Hello, I'm Xiaoshuai
Today, I'll give you some of the simplest crawler cases. In the future, I'll update some crawler related skill points for you. Please continue to pay attention. In addition, your third company is the biggest support for Xiaoshuai. However, it's a statement that all cases sent by Xiaoshuai are for you to learn. Don't use them indiscriminately or for business!
preface
Our first crawler program is to crawl the names of all tutorial information of a video network. Some of the techniques used in the following code locks are not covered by us. We will explain them one by one in the later study. Here is just to let you have a general understanding of the crawler program, be familiar with the most basic crawler process, and have a rough impression of crawler processing. At the same time, it is also to stimulate your enthusiasm for learning, so that you can deepen your impression of crawler not only in theory, but also in practice.
There are also some small cases, 25 game source codes Click the blue font in front to get it by yourself
1.1 establish imoocspider Py file
The naming of crawler files must be accurate. The crawler will name the website with which it crawls. In this way, we will write more and more crawlers in the future, which will be convenient for management.
After the file is created, first import the requests third-party library and the page parsing tool BeautifulSoup:
import requests # Requests library, which is used to send network requests from bs4 import BeautifulSoup # A parsing library for parsing web page structure
Tips: beautiful soup, which we will talk about later, is just for the first time.
1.2 defining URL variables
Define the url variable url. The url stores the website we want to crawl
url = "https://www.imooc.com "# a course website homepage address
1.3 create request header
Create a request header because the server will distinguish whether the request is a browser or a crawler. If it is a crawler, it will directly disconnect the request, resulting in the failure of the request. In order not to expose our crawler, we should put a layer of camouflage on it, so that the server will think that the browser is requesting:
headers = {'User-Agent' : 'Mozilla/5.0 (Macintosh; Intel Mac OS X 10_11_5) AppleWebKit/537.36 (KHTML, like Gecko) Chrome/51.0.2704.79 Safari/537.36'} # Request header
1.4 initiate request
Use the get method in the requests library to make a request:
r = requests.get(url, headers= headers) # Send request
1.5 parsing request results
Because the result of the request is in HTML format, we use beautiful soup to parse our request result:
bs = BeautifulSoup(r.text, "html.parser") # Parsing web pages
In the returned request result, all the data we want is wrapped in the h3 tag, so we use beautiful soup to find all the h3 tags in the returned result, strip them and store them in the variable mooc_classes.
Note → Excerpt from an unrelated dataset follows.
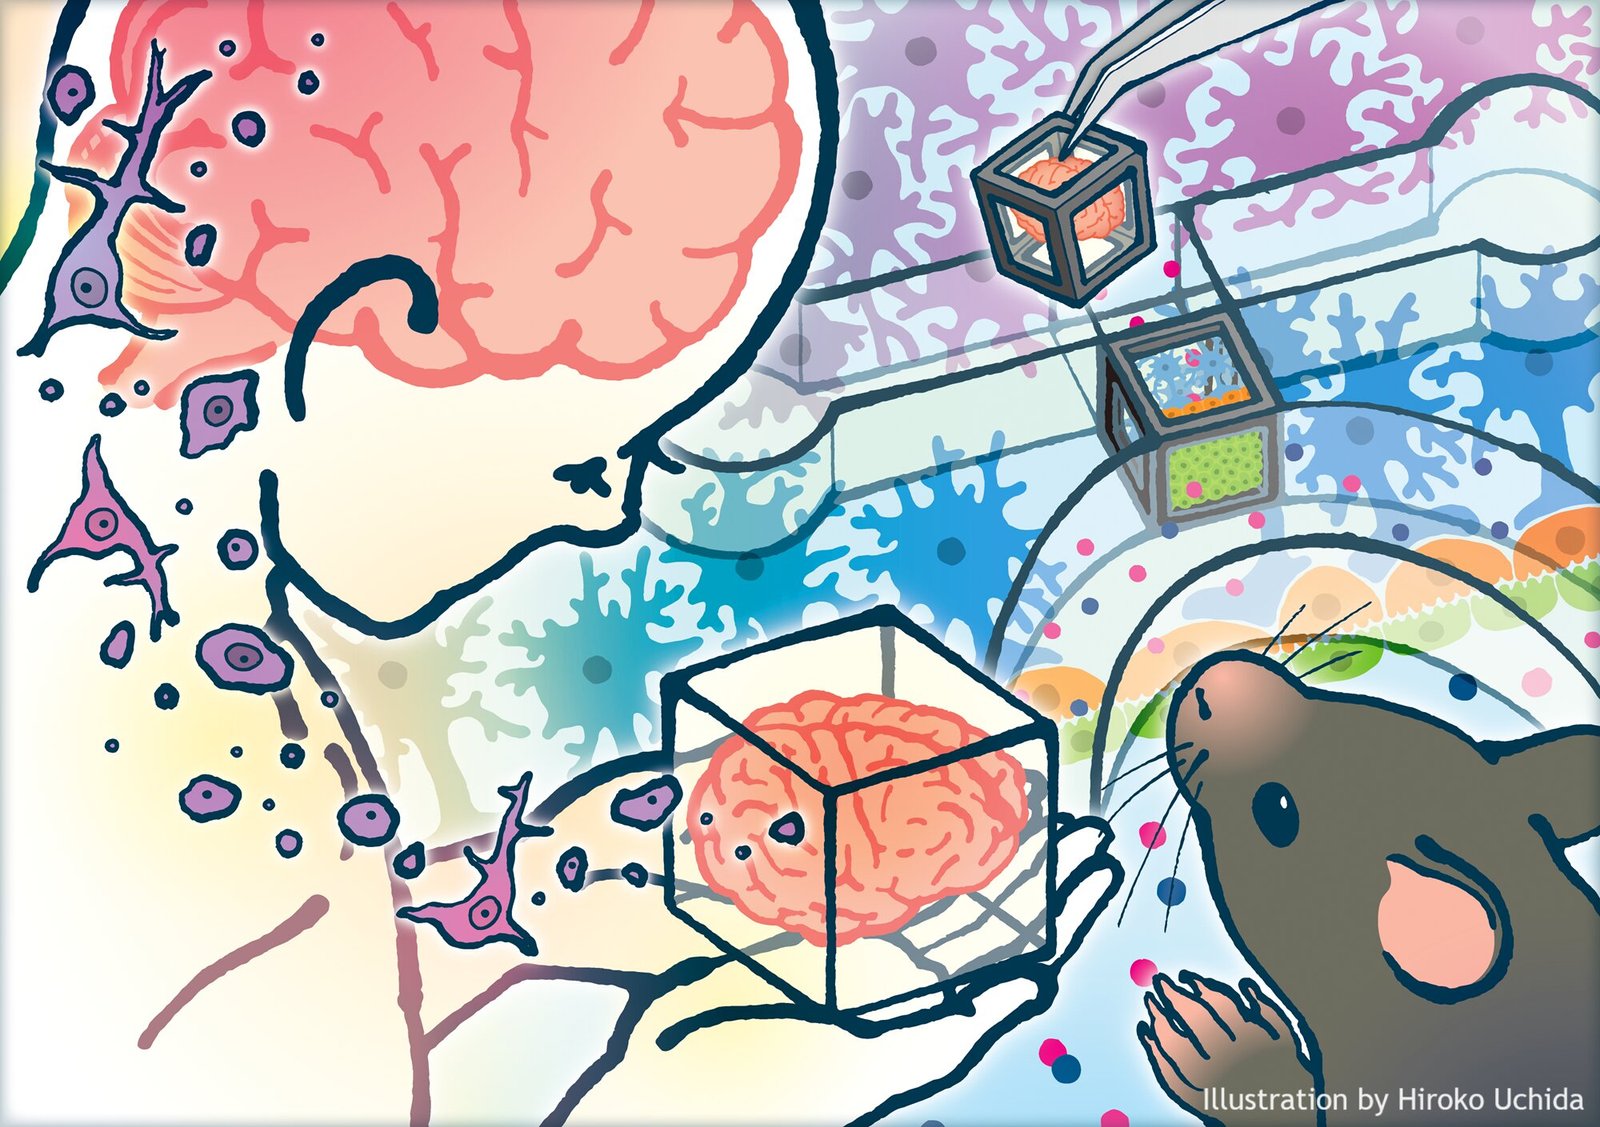 Researchers model blood-brain barrier using ‘Tissue-in-a-CUBE’ system
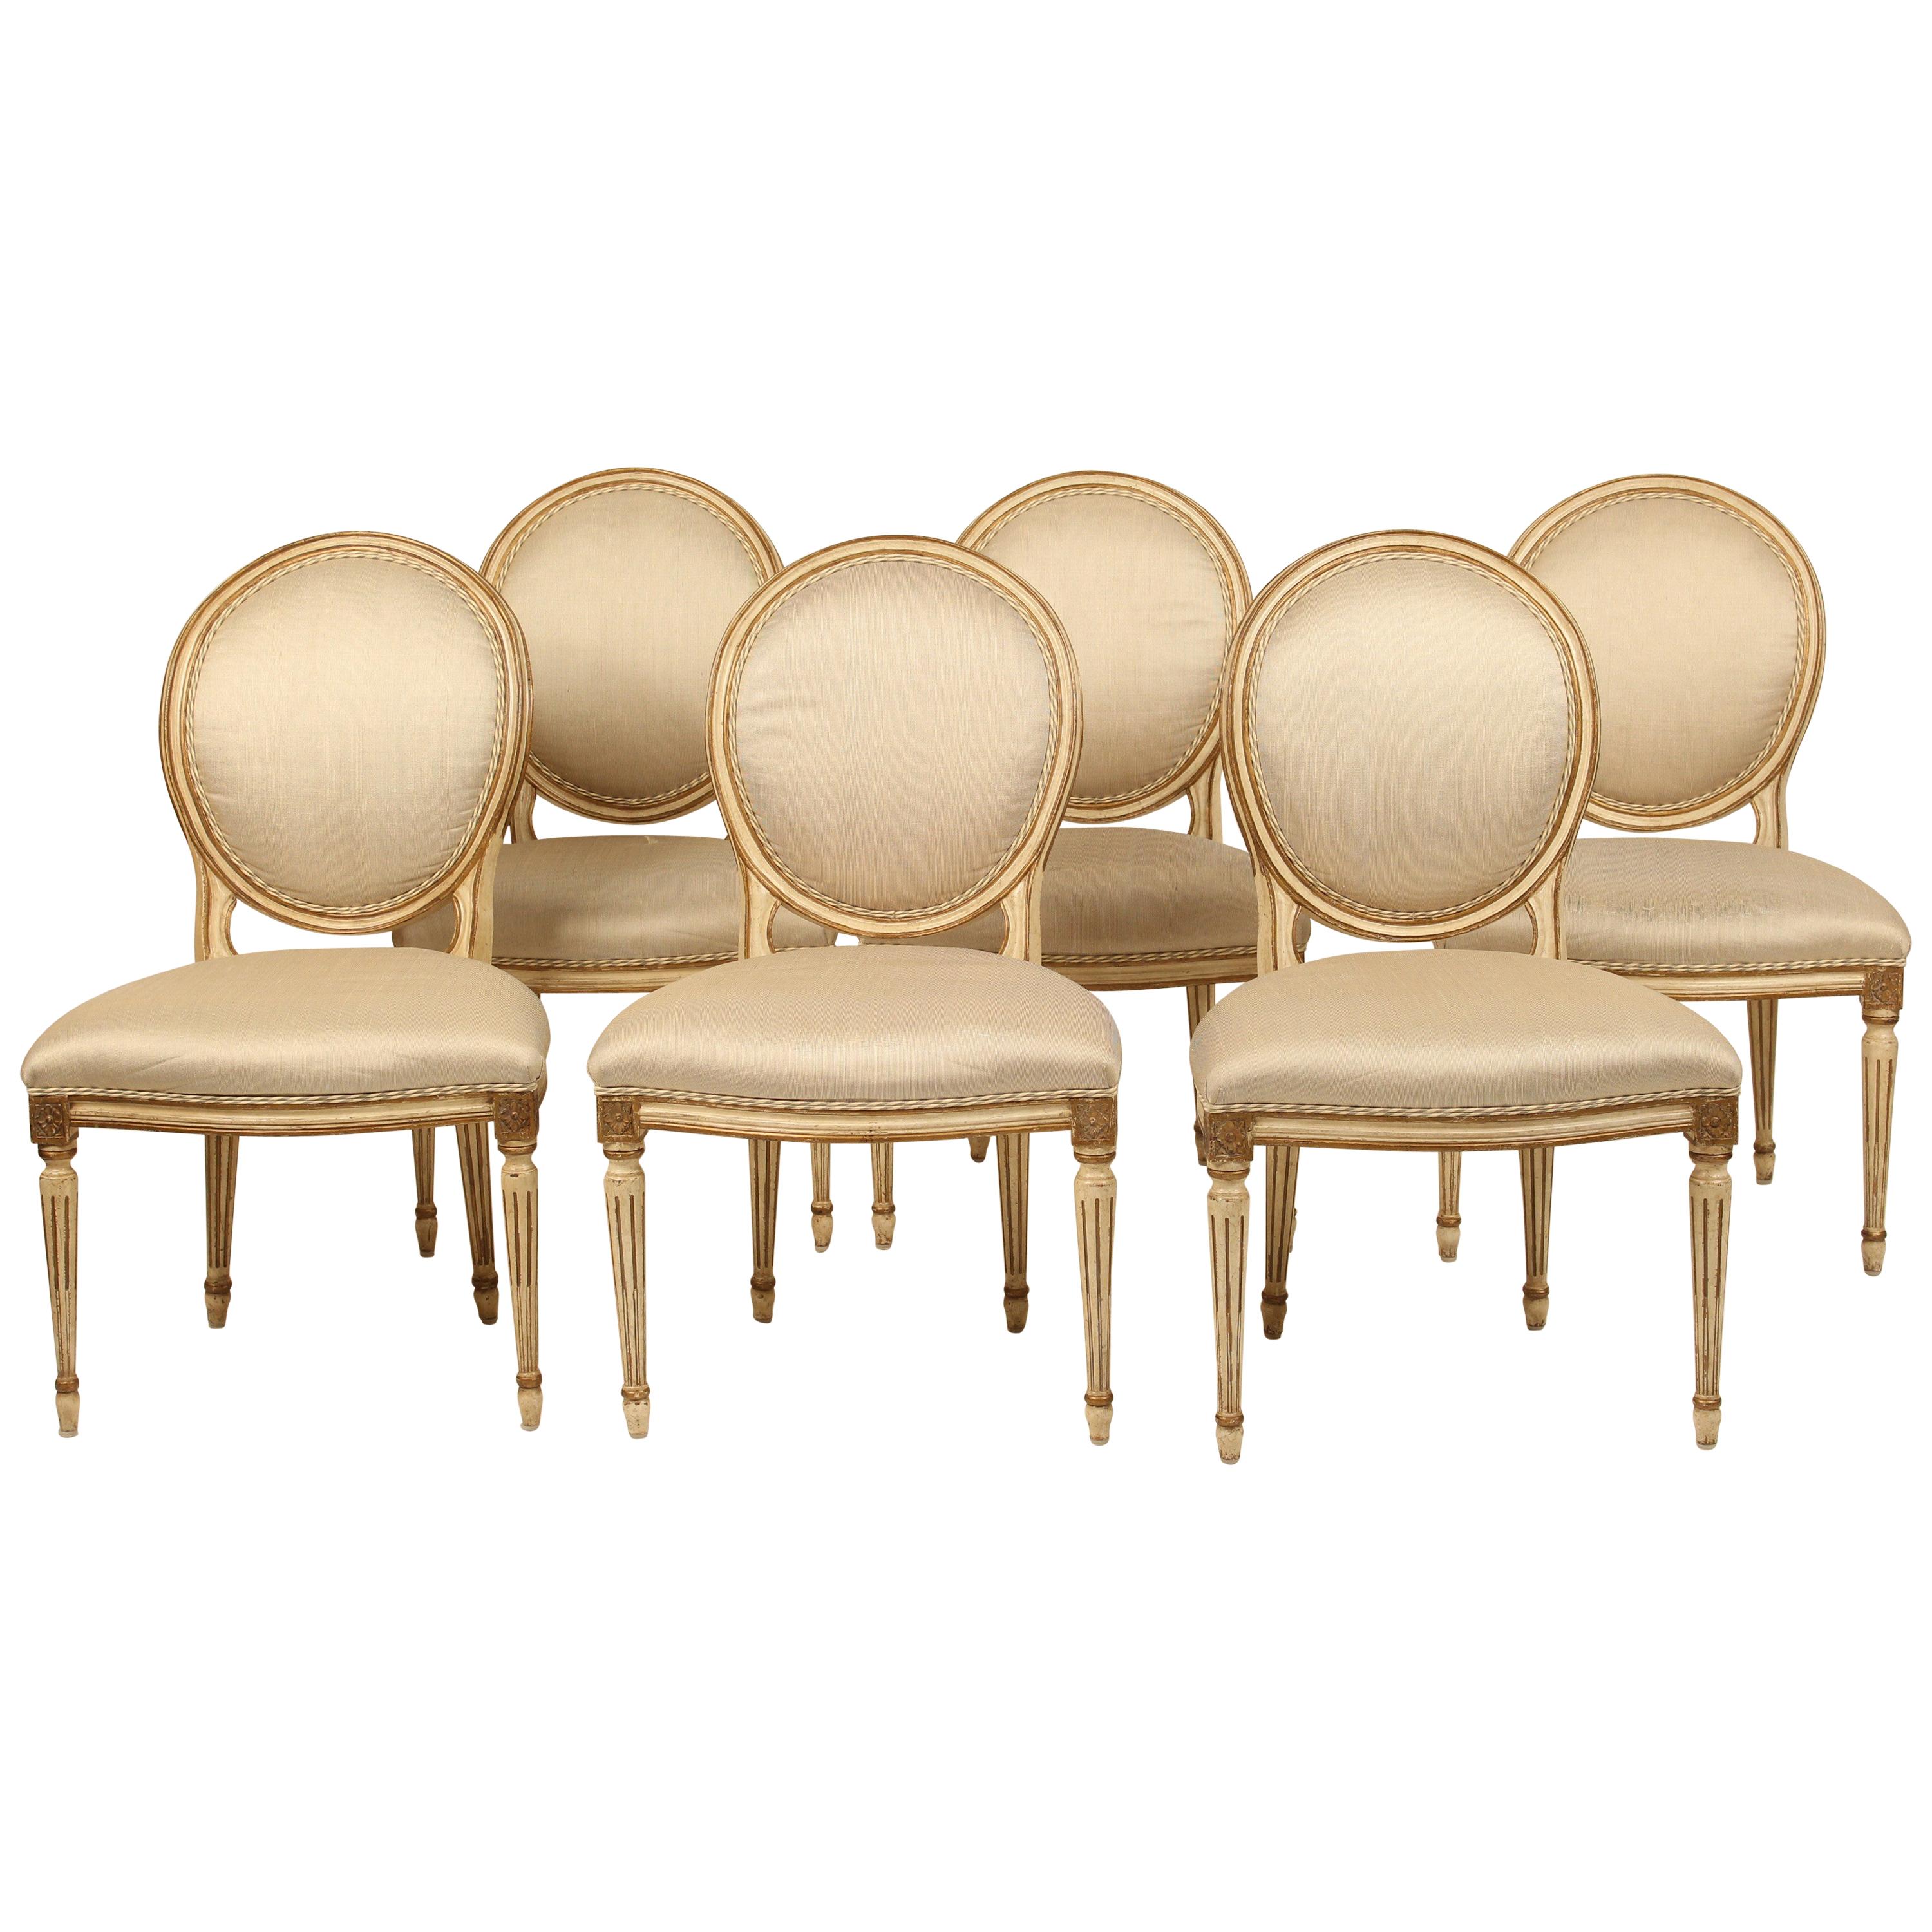 Set of 6 Painted and Gilt Louis XVI Style Dining Chairs

mooc_classes = bs.find_all("h3", class_="course-card-name") # Locate tutorial information
1.6 parsing data
Peel off the course name in each h3 tag and store it in class_list, and finally save the course information into the text file:
class_list = [] for i in range(len(mooc_classes)): title = mooc_classes[i].text.strip() class_list.append("Course name : {} \n".format(title)) #Formatting tutorial information with open('mooc_classes.txt', "a+") as f: # Write tutorial information to a text file for text in class_list: f.write(text)
1.7 final code
Here is the final code of our little crawler:
Example demonstration
import requests # Requests library, which is used to send network requests from bs4 import BeautifulSoup # This is a parsing library for parsing web pages url = "https://www.......com "# tutorial website homepage address headers = {'User-Agent' : 'Mozilla/5.0 (Macintosh; Intel Mac OS X 10_11_5) AppleWebKit/537.36 (KHTML, like Gecko) Chrome/51.0.2704.79 Safari/537.36'} # Request header r = requests.get(url, headers= headers) # Send request bs = BeautifulSoup(r.text, "html.parser") # Parsing web pages mooc_classes = bs.find_all("h3", class_="course-card-name") # Locate tutorial information class_list = [] for i in range(len(mooc_classes)): title = mooc_classes[i].text.strip() class_list.append("Course name : {} \n".format(title)) #Formatting tutorial information with open('mooc_classes.txt', "a+") as f: # Write tutorial information to a text file for text in class_list: f.write(text)
**The above program is the simplest crawler program** Finally, we format the output style so that the output format is the style of tutorial name + tutorial network name. Finally, we save the results to a TXT file. Finally, let's open the txt file to see the effect:
Summary
In this section, the simplest crawler program is implemented by using beautiful soup and Requests. We will discuss their learning in detail in the following chapters. This small program is just to show you the most basic workflow of a crawler. Careful students will certainly find that our amount of code is not much, so we can easily realize a simple crawling work. In fact, because of the simplicity and convenience of using Python to write crawler programs, python language has become the first choice to write crawler programs.
↓↓↓↓↓ take the source code of the business card and the learning route at the bottom ↓ ↓ ↓ ↓????